Удары сыпались на Рудольфа один за другим. Домб-ровски бил умело, не оставляя следов, но так, что Зингер едва не потерял сознание.
— А Марья? Где она? Отвечай, ублюдок!
— Господин майор. Дайте же мне сказать. У меня не было выхода. Марья собиралась донести на меня в Львовский НКВД. И проболталась Оксане. Я не мог оставить свидетелей.
— Донести? О чем? О чем ты проболтался ей, похотливый уголовник?
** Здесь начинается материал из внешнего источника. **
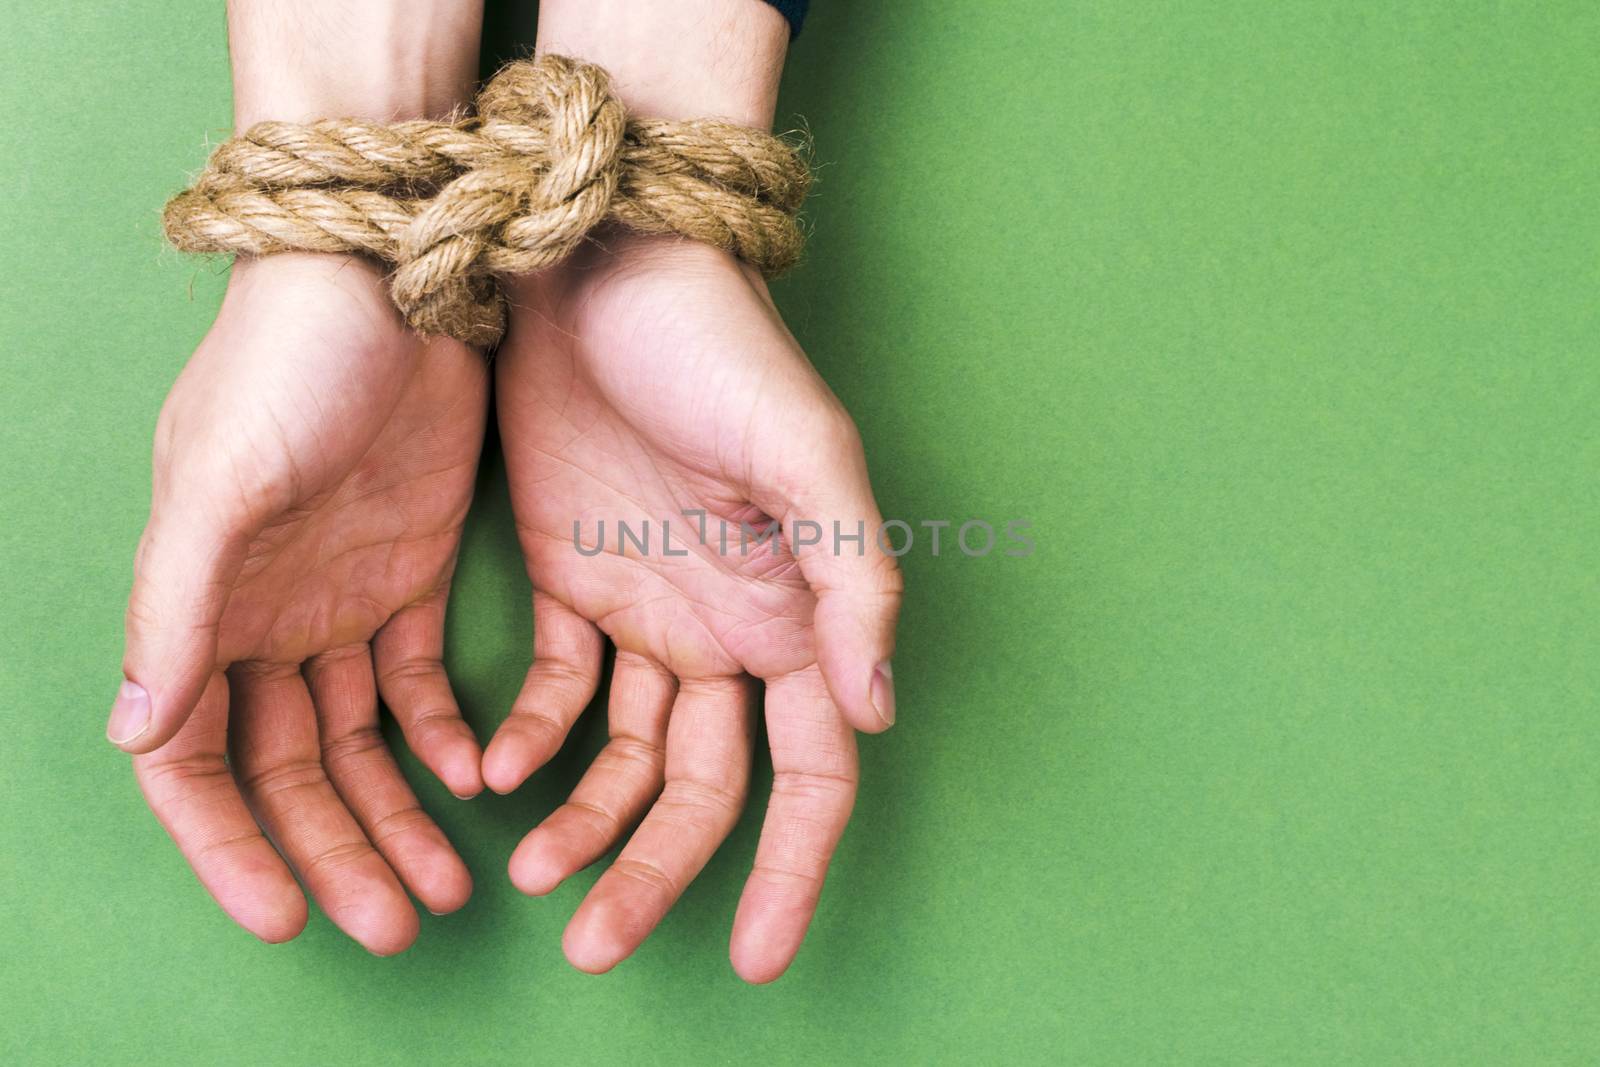 The man with the connected hands against a green background

— Но-но. Не надо так. Мы в одной упряжке. если бы меня взяли, то и вы. не надо! Не бейте меня больше! Из того, что получилось, есть неплохой выход! Вы понимаете, что Шмаков опасен для нас? Смерть Марьи поможет.
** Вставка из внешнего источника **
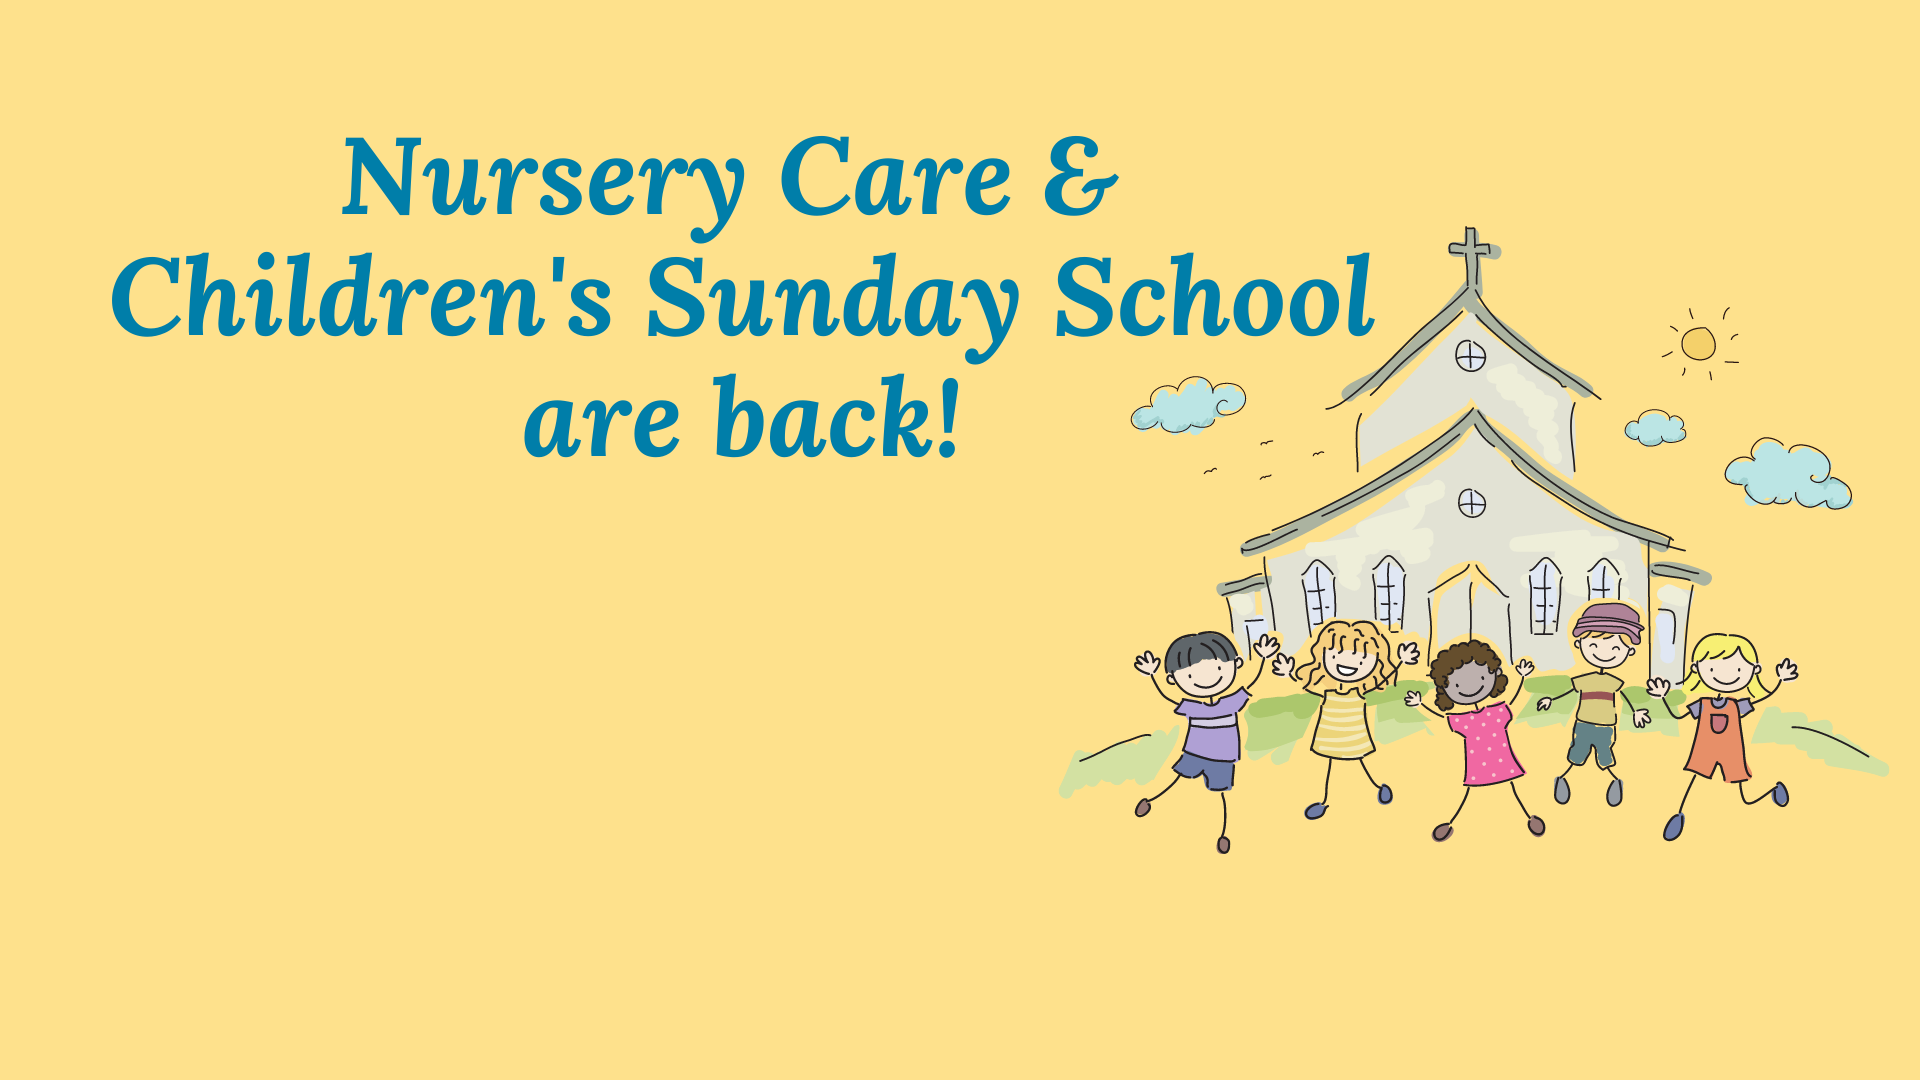 Click here to view our schedule for Nursery Care and Children's Sunday School

И Зингер зашептал что-то совсем тихо.
АВГУСТ 1945, Львов
— Внимание! Радиорубка, дайте музыку под номером пять! Внимание, всем уйти с беговой дорожки! Платформа по-о-шла! Пошла платформочка! — надрывался в рупор маленький толстенький человечек.
На беговую дорожку выехал задрапированный алыми полотнищами грузовик, кузов которого представлял сейчас платформу из досок, настланных на борта. На ней, изображая живую скульптурную композицию, стояли юноши и девушки в белых спортивных костюмах. Короткие юбки девушек колыхались на ветру, обвивая крепкие, загорелые ноги. Но внимание Орлова было приковано не к ним, этим широкоплечим спортсменкам с мускулистыми икрами. В передней части группы несколько молодых людей держали на вытянутых руках женскую фигуру в белой тунике. Стройная, тонкая девушка стояла на живом постаменте, уверенно и свободно. В руке ее развевался длинный белый шарф. Высоко поднята изящная головка, каштановые пряди удерживает от порывов ветра золотистый обруч. Это была она, Виктория, Вита, богиня Победы, женщина, в которую он влюбился безоглядно и безудержно.
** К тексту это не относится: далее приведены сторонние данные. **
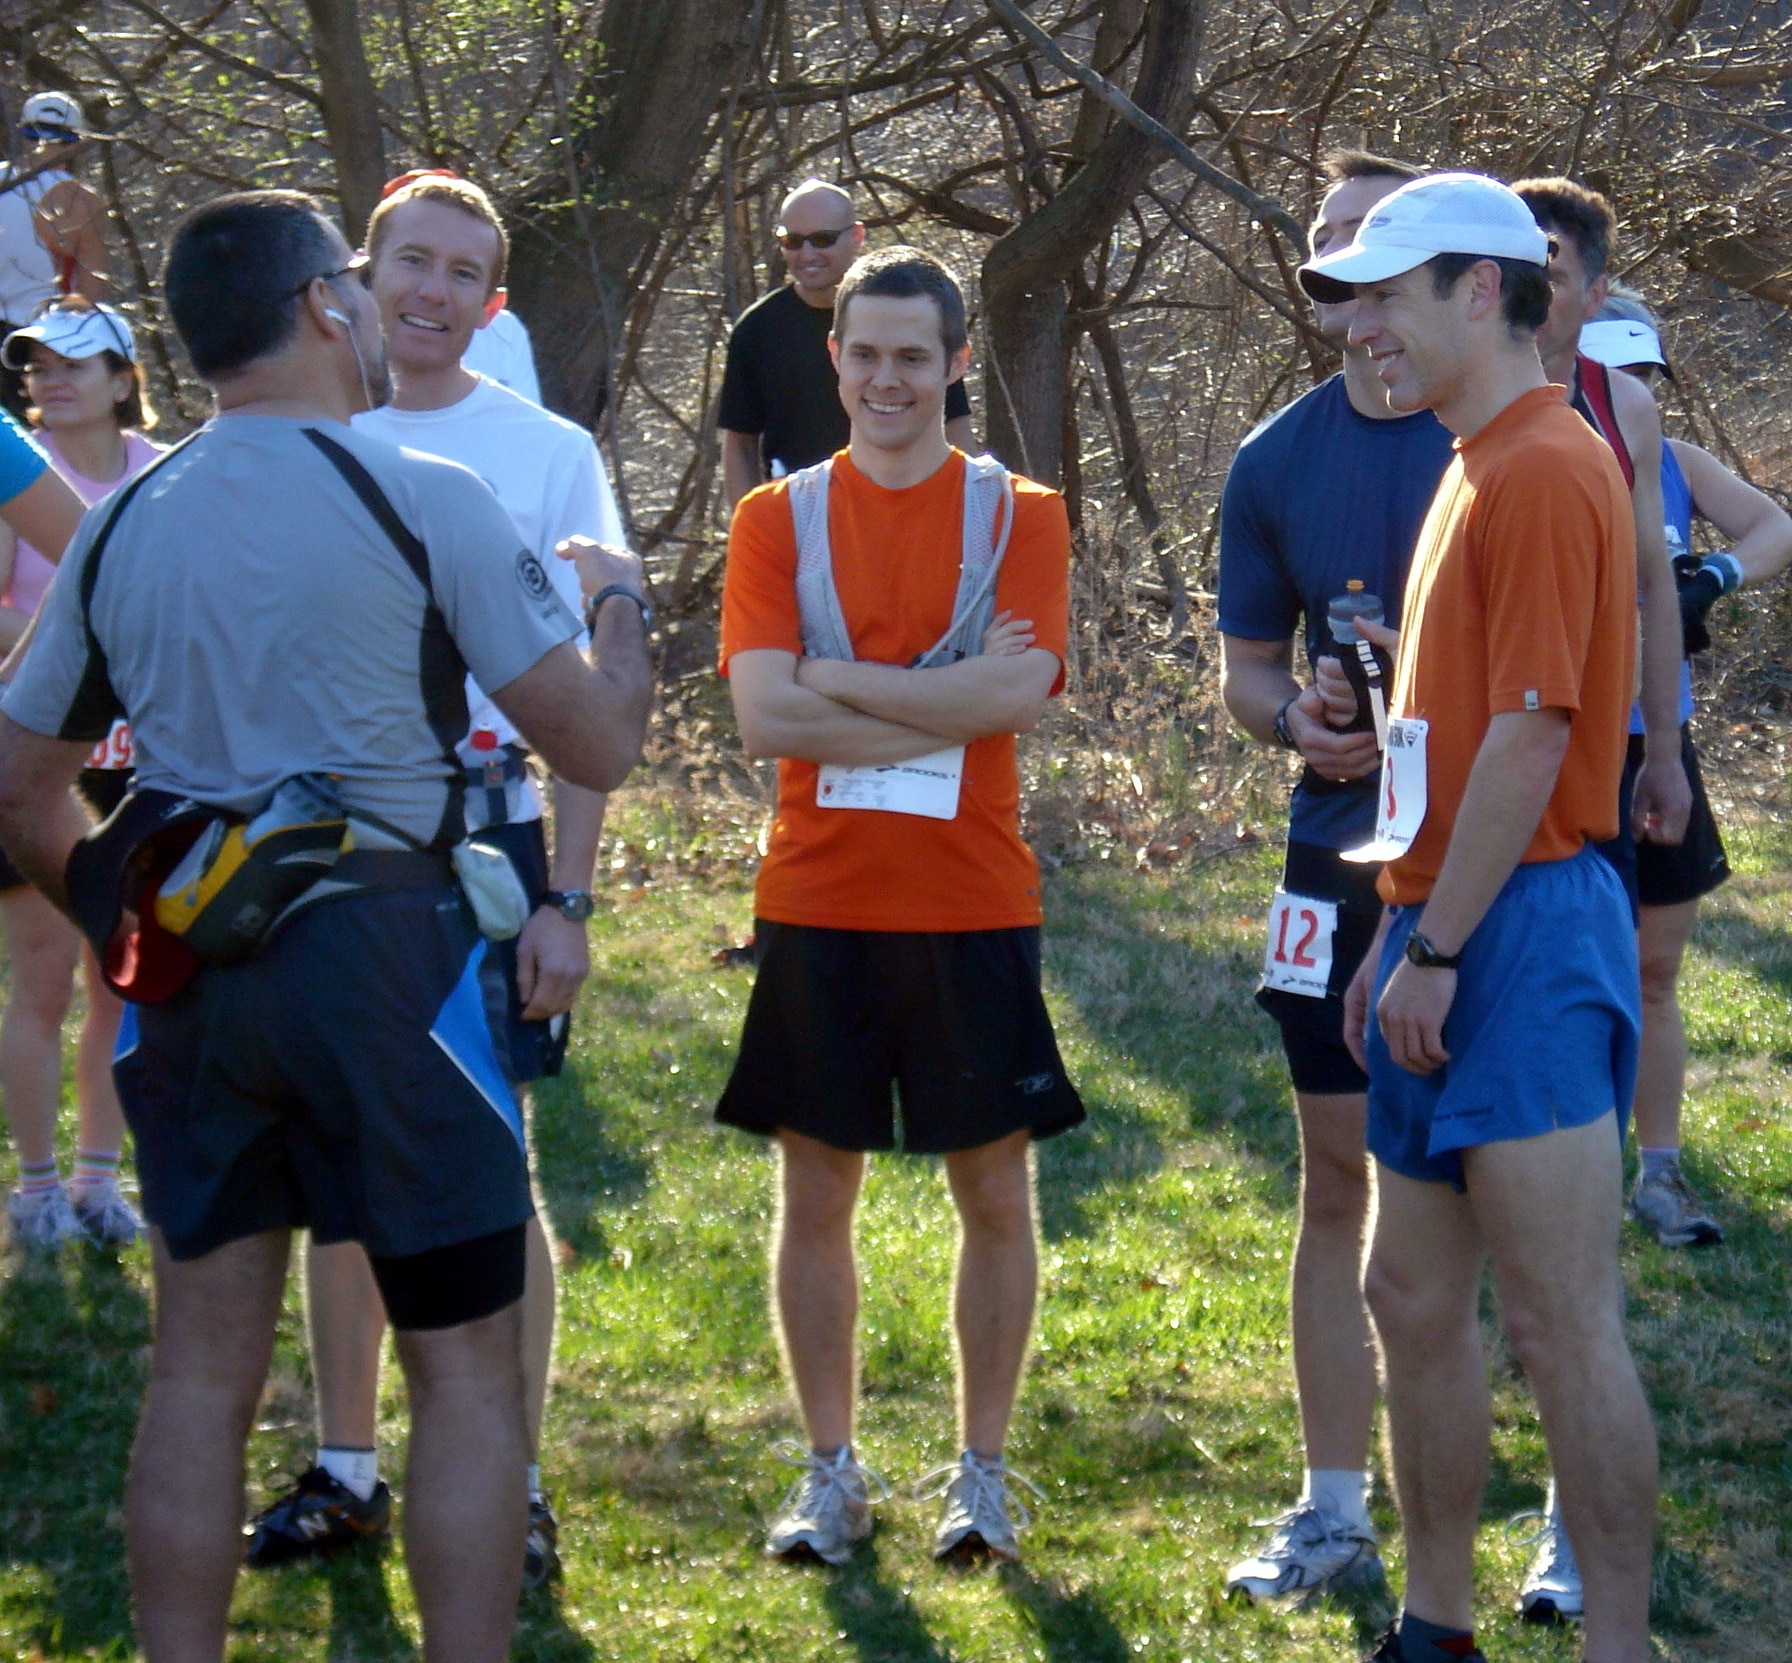 Matt chatting with group of runners at HAT 50K

Он сидел на скамейке уже три часа, платформа выезжала на стадион не то пятый, не то шестой раз — худруку все что-то не нравилось. И он, Максим, был даже рад этому — он все не мог налюбоваться на стройную девушку в белой тунике.
А потом она подозвала его, они вместе на том же грузовике доехали до клуба, и она сама, сама назначила ему свидание.
Вечером в клубе были танцы.
Они кружили по начищенному дощатому полу под патефонные пластинки. Она была в легком, очень красивом шифоновом платье, на высоких каблучках, которые делали их почти одного роста. Все вокруг любовались ими, то есть, конечно, ею! Он это видел и гордился неимоверно. Потом, устав от танцев, она потащила его за руку куда-то вверх по лестнице, и они оказались в большом зале, заставленном гипсовыми бюстами.
— Здесь занимается изостудия, — сказала она.
— Рояль? — он увидел в глубине зала черный концертный рояль.
— Да, но на нем почти никто не играет. Никак не наберем музыкантов для оркестра.
— Почти никто? Кто-то все-таки играет?
— Ну… Я иногда, — смутилась она.
— Правда? — обрадовался Максим. — Я тоже немножко играю. Вернее, играл до войны.
Он сел к инструменту, бережно открыл крышку, коснулся клавиш и отдернул руки, как будто испугавшись. Потом снова коснулся клавиатуры уже уверенно. И заиграл.
Женщина замерла, потрясенная. Он играл ту же сонату Бетховена… Ту же самую, которую исполнял для нее ее погибший возлюбленный пять лет тому назад, в Париже. Исполнение было другим, менее уверенным, менее профессиональным, но чистым, верным по настроению…
Он поднял на нее глаза и замер.
— Что с вами?
— Ничего, — она буквально рухнула на стул. — Это. Я просто устала. Такой суматошный день.
Он испугался не на шутку. Она была белой как мел. Глаза стали огромными, смотрели куда-то мимо него, в полутемное пространство зала.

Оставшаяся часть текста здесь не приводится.